- _What you need to do_
Although the data below contains pictures, output only the lines between those holding "#mindfulness ⁦@healthymindsorg⁩" and "Fleur femelle pattes", inclusive, exactly and without those pictures.

- _Records_
----------------
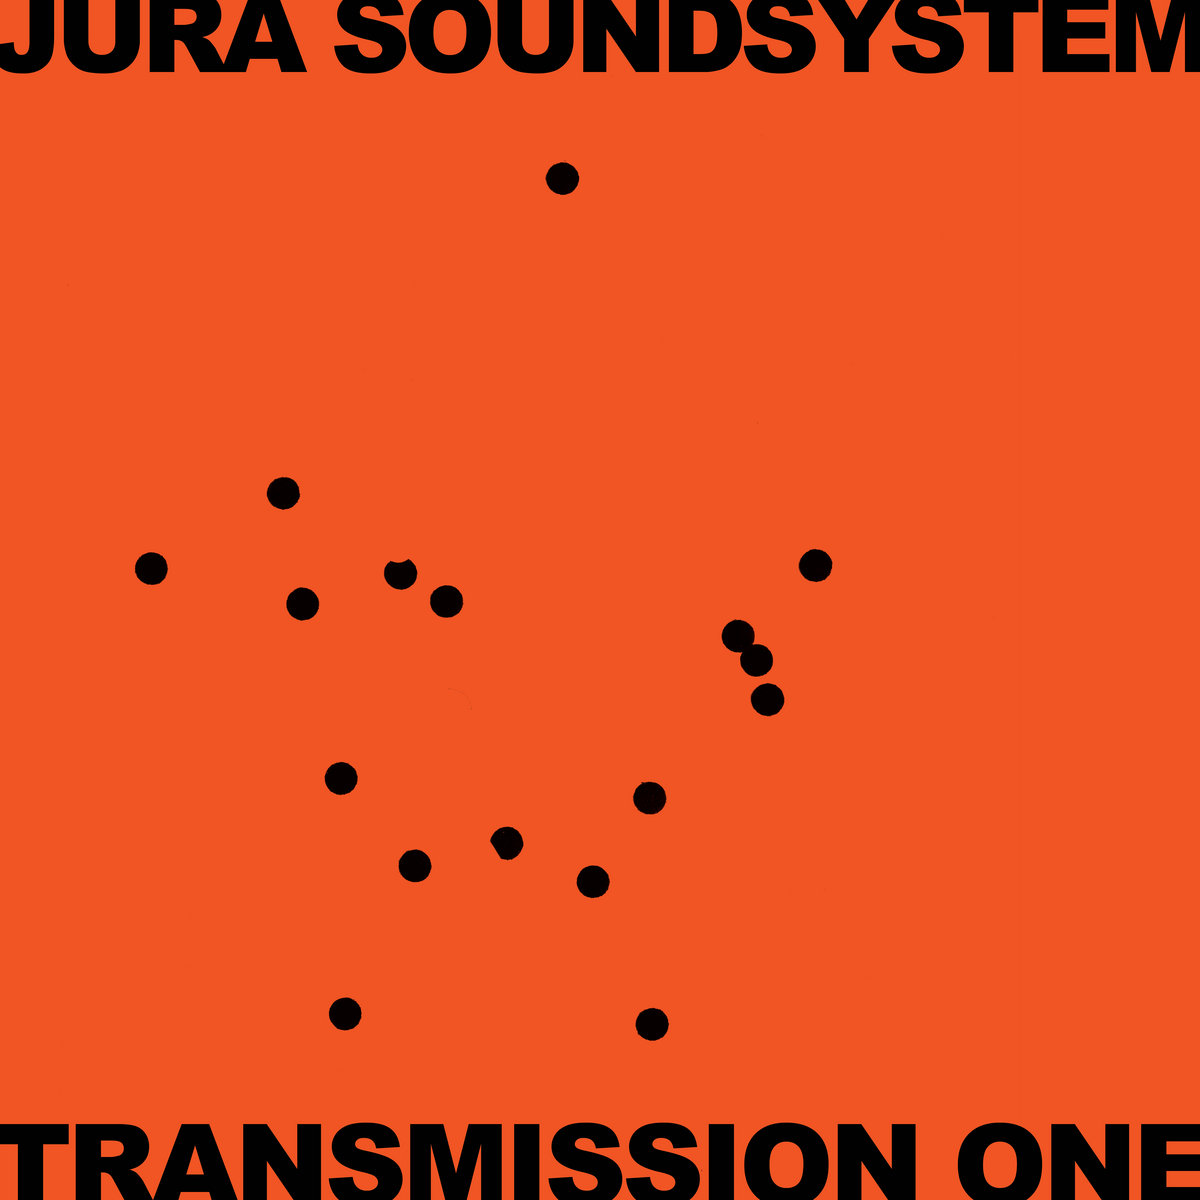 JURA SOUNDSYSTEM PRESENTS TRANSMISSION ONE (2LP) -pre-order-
----------------
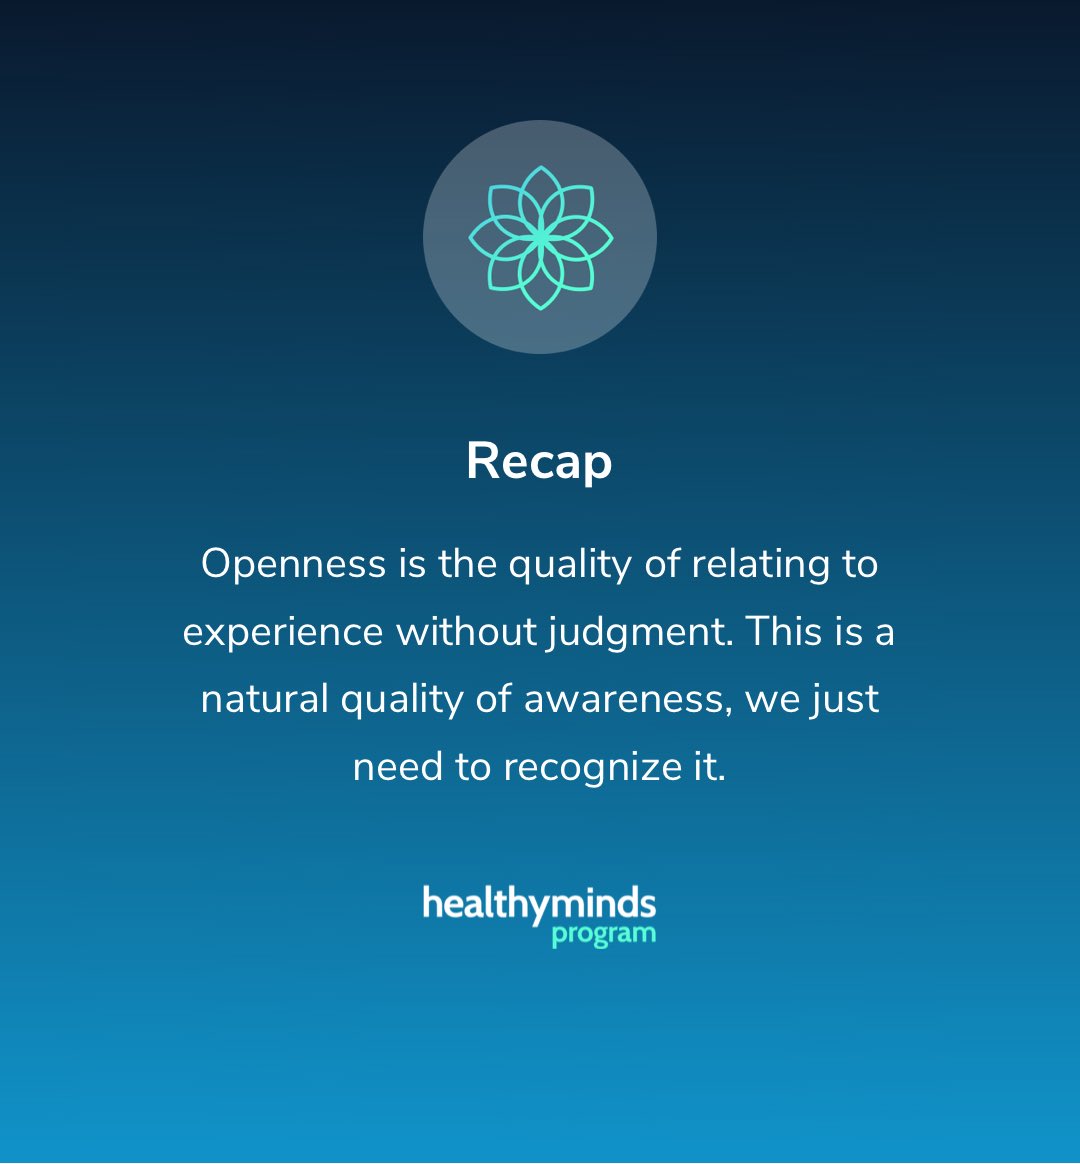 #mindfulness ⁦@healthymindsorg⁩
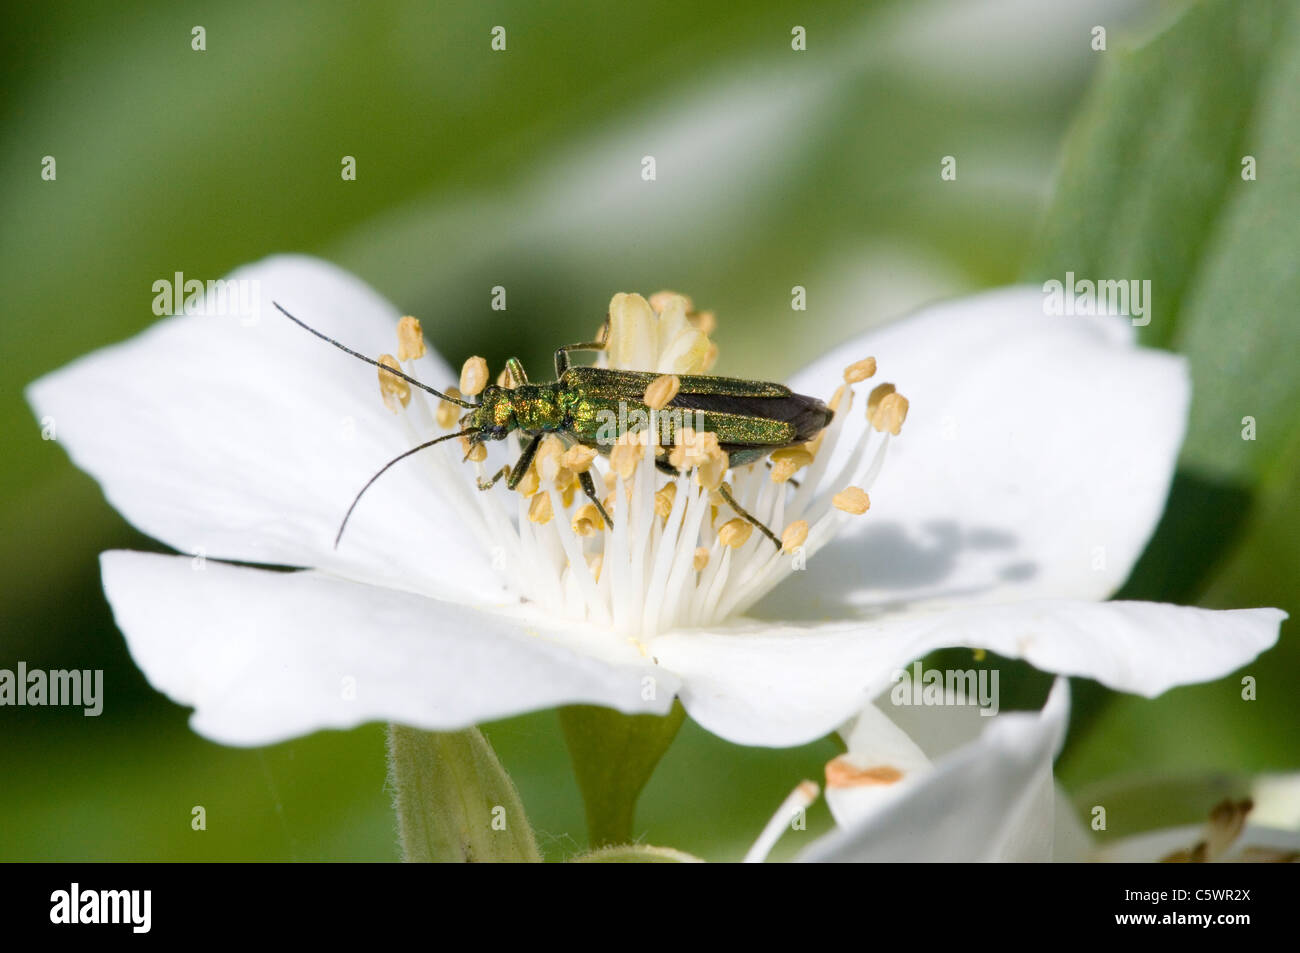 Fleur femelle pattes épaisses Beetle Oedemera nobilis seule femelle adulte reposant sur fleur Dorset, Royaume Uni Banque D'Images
----------------
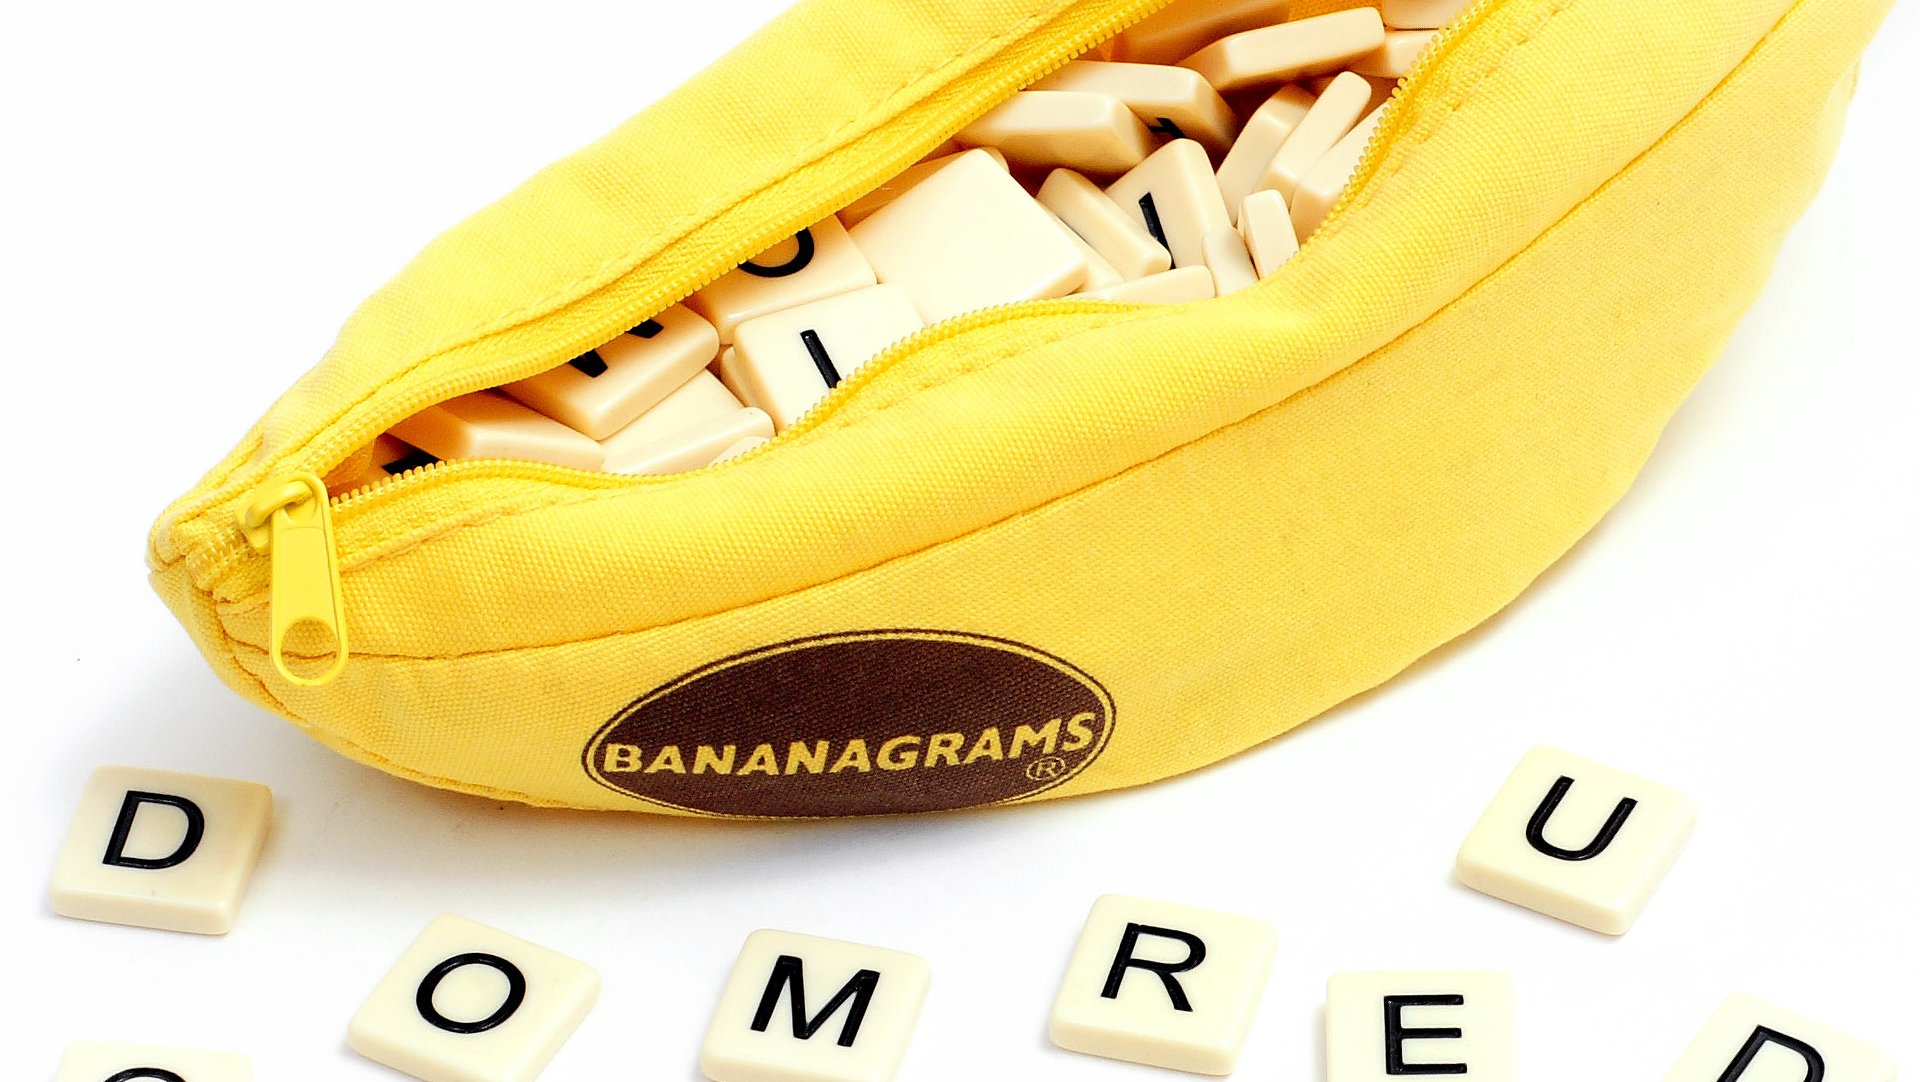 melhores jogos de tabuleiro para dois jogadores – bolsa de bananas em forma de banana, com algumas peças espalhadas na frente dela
----------------
- _Output of the exercise_
 #mindfulness ⁦@healthymindsorg⁩
 Fleur femelle pattes épaisses Beetle Oedemera nobilis seule femelle adulte reposant sur fleur Dorset, Royaume Uni Banque D'Images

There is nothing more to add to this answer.